Using CUDA/CudaContexts simultanously from multiple CPU threads

Hi,

We have a system where we are doing the same algorithm (which has time-consuming CUDA parts in it - the optical flow between two images is calculated) for two independent CPU threads A and B simultanously. We test it on a system with a multi-core CPU and one Geforece GTX285, using the CUDA Runtime API.

Note that each CPU thread has its own ‘private/hidden’ Cuda Context.

There are - to my knowledge - two options how to do this:

[list=1]

[*] Create a ‘GPUWorker’ CPU -thread G which handles all the ‘CUDA computation requests’ of the CPU threads A and B and executes it (described in http://forums.nvidia.com/lofiversion/index.php?t66598.html)

[*] Each CPU threads A and B executes the CUDA cuda on its own ‘private’ Cuda Context

What is the better option for the given task ?

Regarding possibility (1), a disadvantage might be that by using this ‘GPUWorker’ thread G which handles all request, we introduce an artifical ‘serialization’ between the two independent CPU thread A and B. E.g. if thread A does a (synchronous) ‘cudaMemcpy’ from Host to Device and has to wait for the transfer to be finished, thread B cannot do anything on the GPU in this time.

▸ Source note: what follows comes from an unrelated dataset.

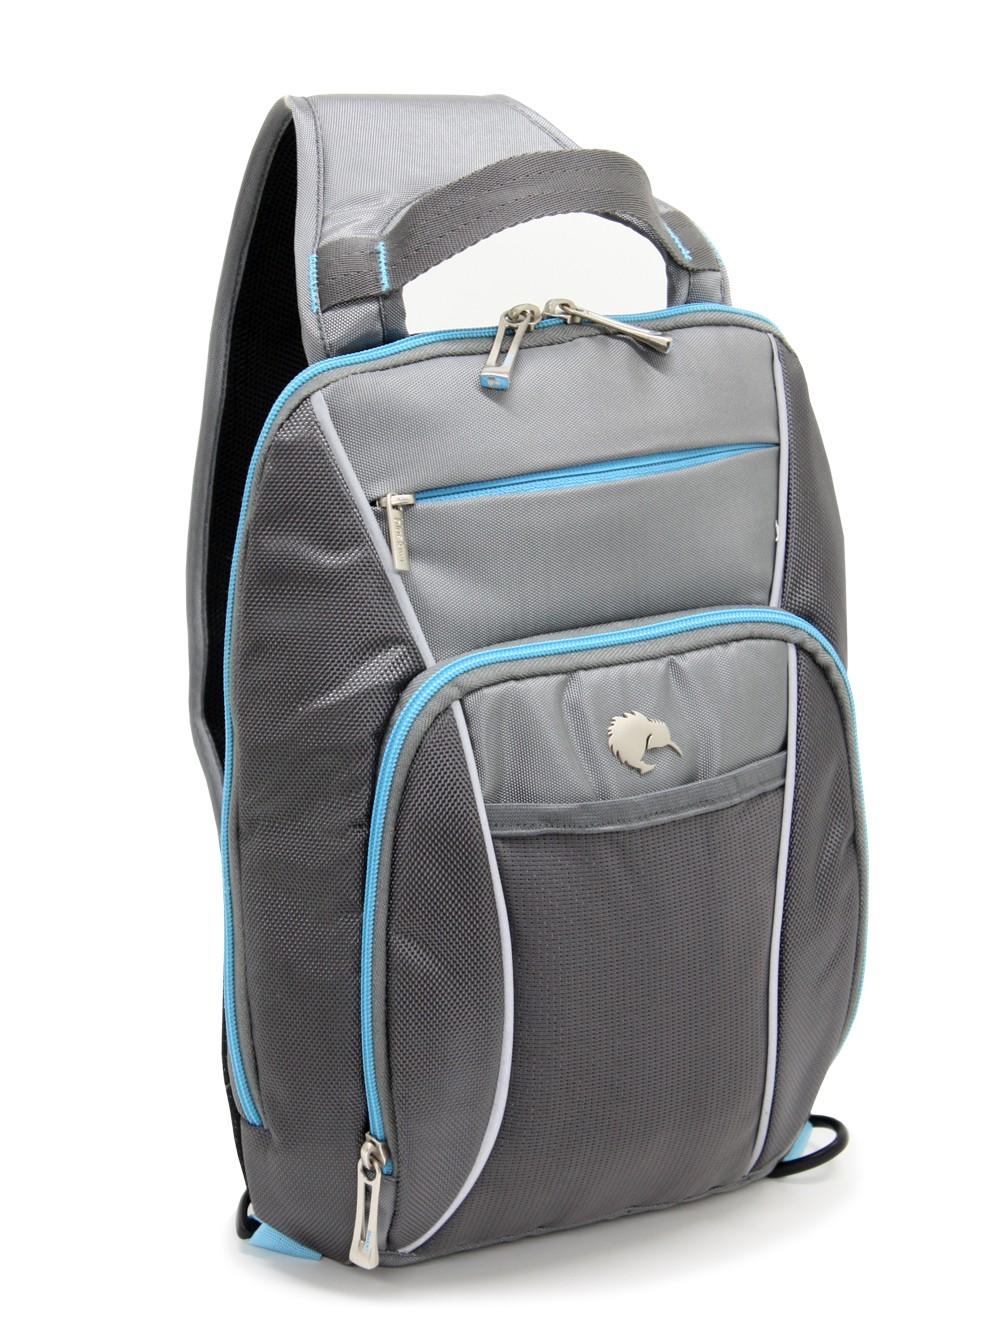 Koha Sling Pack

An advantage of possiblity (1) is that all GPU resources are seen be A and B.

Another related question is - when i have create multiple threads in one process, where each thread has it own Cuda Context, is it possible for each Cuda Context to allocate the whole GPU device memory, or must all Cuda Contexts fit into the GPU memory (are the Cuda Contexts ‘swapped out’ on a CPU thread switch or not) ?

I also read about using CUDA ‘Streams’ (but in fact didn’t understand them) - are they an alternative to the two described options ?

I am having the same issues as above. But I am taking the approach of using separate cuda contexts. The only trouble is, I would be having close to 1000 contexts with this, as opposed to one if I had decided to share the same context for all the threads. I can’t afford to serialize operations in my case. I have around 4 - 5 threads that would operate on these 1000 contexts. If I use only one context, then each thread has to wait for it’s turn to make this single context current. This is something that I can’t do, since I am planning on redesigning my code, where I would use a dispatcher, which will assign to a thread to work with a particular context, and each of those assigned threads would just make that context current, use it and then pop it back. I would want to know how others approach this issue. Might help me think of a new way to do this. Didn’t mean to hijack your thread(was pointing out my approach to the issue :) )

Context swapping isn’t a cheap operation, so I think you want to avoid it at all costs. At least in Linux, multiple contexts compete for GPU resources on a first come, first served basis. This include memory (there is no concept of swapping or paging). WDDM versions of windows might work differently because there is an OS level GPU memory manager in play, but I don’t have any experience with it.

If you have a single GPU, I think you would do better running a persistent thread to hold the GPU context for the life of the application, and then feed the thread work from producer threads. That offers you the ability to impose you own scheduling logic on the GPU and explicitly control how work is processed. That is probably the GPUWorker model, but I am not very familiar with that code’s inner workings.

Streams are a mechanism for emitting asynchronous commands to a single GPU context so that overlap can occur between CUDA function calls (for example copying during kernel execution). It doesn’t break the basic 1:1 thread to device context paradigm that CUDA is based around. Kernel execution can’t overlap on current hardware (the new Fermi hardware it is supposed to eliminate this restriction).

How much is the cost of a ‘context switch’ between different Cuda Contexts in one GPU (e.g. in Windows XP), can it be estimated roughly ?

On windows, I have no idea of the cost. The way to measure it is pretty straightforward. Use a simple app with two threads - both start by establishing contexts. The first then allocates some memory, runs a little kernel, then hits a barrier and waits. The second initially waits for the other thread to reach the barrier then performs the same operation sequence. The difference between the execution time of the two sets of calls should be the context switch time.